По собранным в небрежный пучок тонким волосам Косой Вардануш ползал паук. Меланья с удивлением отметила его странное движение – каждый раз, чтобы сделать шаг, он высоко задирал очередную лапку, а потом с такой резвостью ее отдергивал, словно по раскаленному ступал. Она хотела было смахнуть его, но передумала – вреда от него все равно не будет, поползает и сам отвалится.
Бениамин прилетел через три дня, обошел молчаливой брезгливой дугой испуганную жену, тщательно зарядил охотничье ружье и пошел разбираться с обидчиком. Не застав Симона дома, он расколотил стекла и фары его новенького «москвича», выбил боковые зеркала и, не пропустив ни одной дверцы, нацарапал аршинными буквами по всей окружности машины витиевато-корявое и грубое выражение. Тем временем встревоженная плачем Софьи Косая Вардануш подняла на уши всех его друзей, и они, настигнув горе-преступника, скрутили его, отобрали и спрятали ружье, а самого отвезли в милицейский участок и попросили подержать немного в камере временного содержания, чтоб тот сгоряча не натворил еще каких-нибудь дел. Начальник милиции, недолго поразмыслив, решил посадить Бениамина на пятнадцать суток. А для убедительности велел подчиненным состряпать обвинение в правонарушении, мол, задержанный переходил дорогу в неположенном месте с непреднамеренной целью создания аварийной ситуации. На резонный вопрос правонарушителя, как может цель быть непреднамеренной, сердито цыкнул языком – сиди и не умничай, иначе впарим тебе статью за порчу имущества, а за такое люди реальные сроки получают! Закрыли Бениамина очень вовремя, потому что буквально следом в отделение примчался озверелый Симон и принялся требовать, чтобы его пустили к задержанному.
– Зачем? – разводил руками оставшийся к концу рабочего дня в одиночестве дежурный, обмахиваясь милицейской фуражкой. Капли пота стекали с его чисто выбритого лица и терялись в вороте распахнутой на две пуговицы рубашки. На потолке, уныло жужжа, крутился пластиковый, пожелтевший от времени, засиженный мухами вентилятор, разгоняя лопастями раскаленный добела июньский воздух.
– Ты видел, что он с моей машиной сделал?
– А ты о чем думал, когда с его женой шашни крутил? – последовал резонный вопрос.

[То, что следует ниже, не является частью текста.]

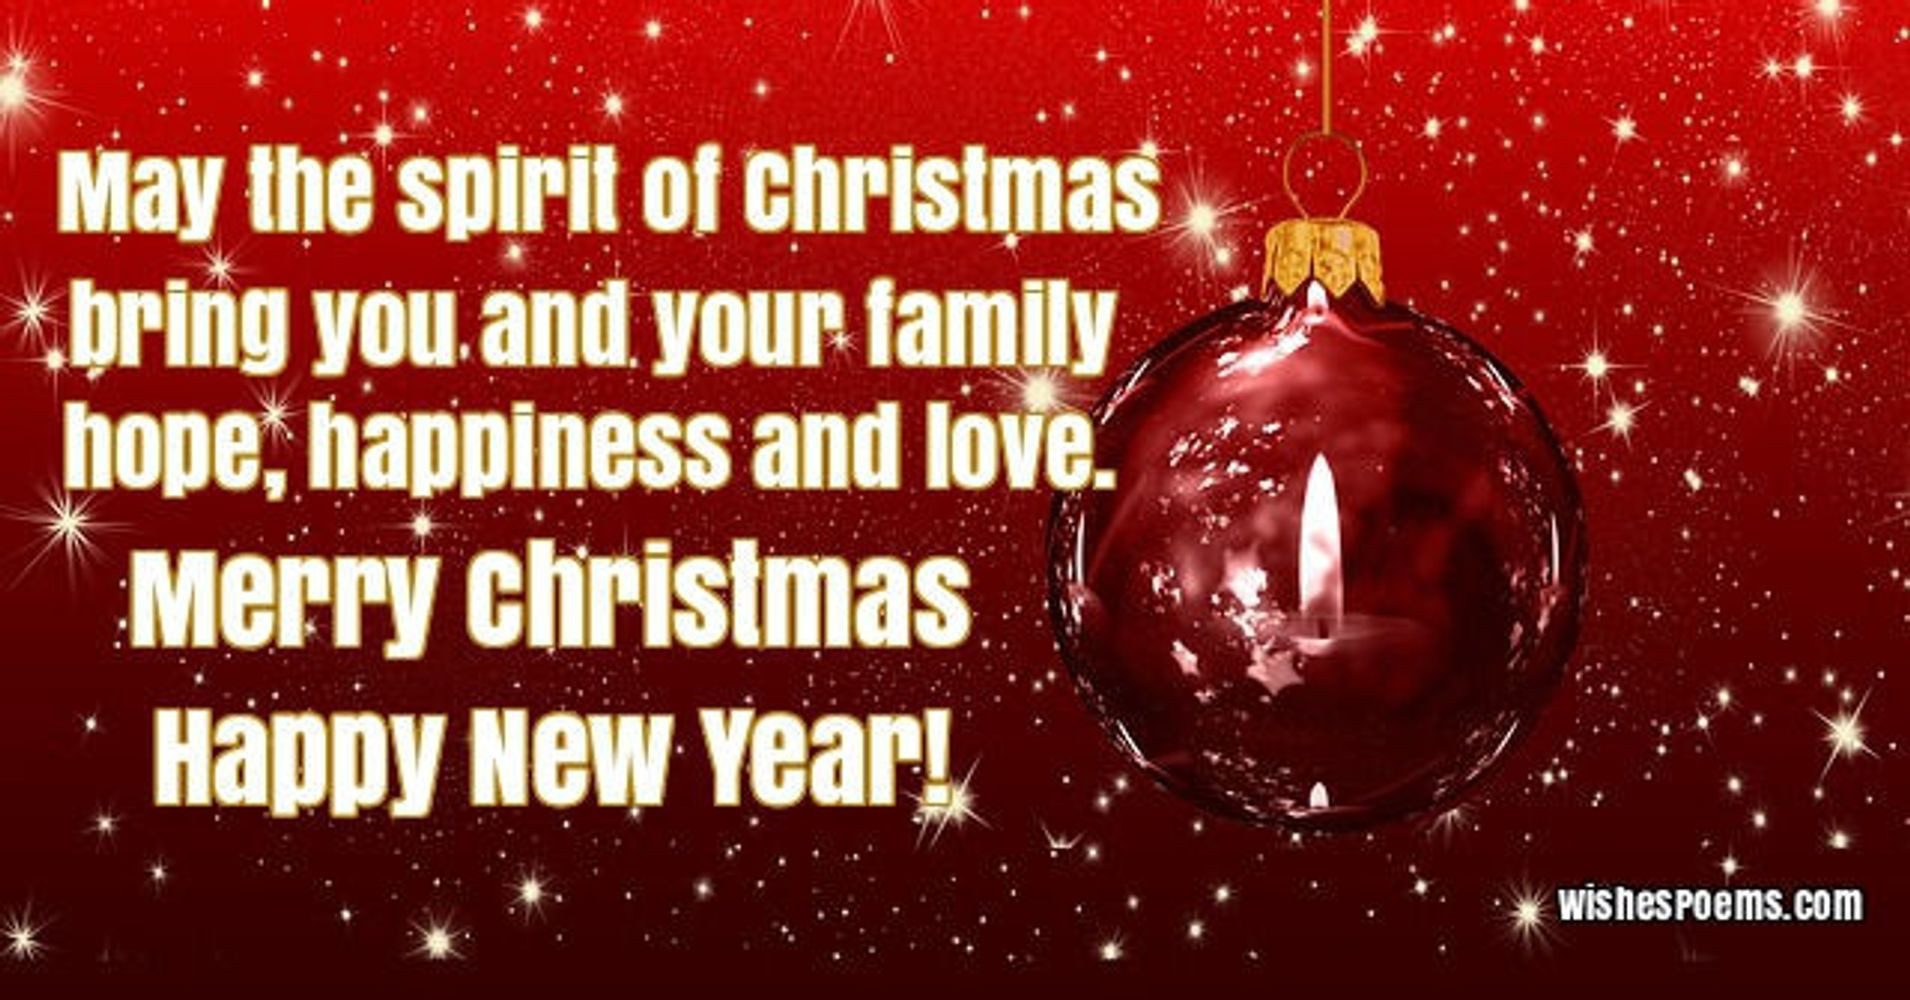 Merry Christmas Wishes Quotes
 35 Christmas Card Messages What to Write in a Christmas

– Будь человеком, пусти меня!
– Зачем?
– Какая тебе разница зачем?! Пусти и все! – скандалил Симон, для острастки колотя в стену кулаком и обзывая дежурного тупым ослом.
– Как скажешь! – не стал возражать дежурный и отвел его в камеру. Другую.
И Симона тоже посадили на пятнадцать суток. За оскорбление представителя власти при исполнении им должностных обязанностей.
Пока несостоявшиеся убийца и жертва сидели в соседних камерах, их исправно посещали жены.
Носили еду, передавали чистую смену белья. Софья через решетчатую дверь уговаривала мужа развестись – Бено-джан, зачем тебе такой позор! Бениамин молчал, только желваками ходил да зубами скрипел. Не дождавшись от него ответа, Софья стояла, прислонившись лбом к рифленой решетке, и шепотом вздыхала. Уходила с отпечатком узора решетки на лбу. Меланья старалась не пересекаться с ней, потому приходила ближе к вечеру. Подробно рассказывала мужу последние новости, хвастала младшим сыном, у которого прорезались сразу два зуба. «Что, оба-два сразу вылезли»? – переспрашивал Симон, утирая слезу умиления. «Ага, и главное температура наконец-то спала! Измучился бедный». – «А средний чего?» – «Чего-чего! Хвост индюшке выдрал, охламон». «Ишь!» – в голосе Симона отчетливо звучали нотки гордости за шкодливого сына. «Тебе ишь, а индюшке голой жопой на весь двор светить!» – не унималась Меланья. «Сшей ей хлопковые трусы, пусть срам прикроет», – предлагал Симон. Бениамин в соседней камере невольно улыбался, представляя индюшку в трусах, но мгновенно хмурился и сплевывал в сердцах на пол. Закуривал, сердито затягиваясь кусачим дымом.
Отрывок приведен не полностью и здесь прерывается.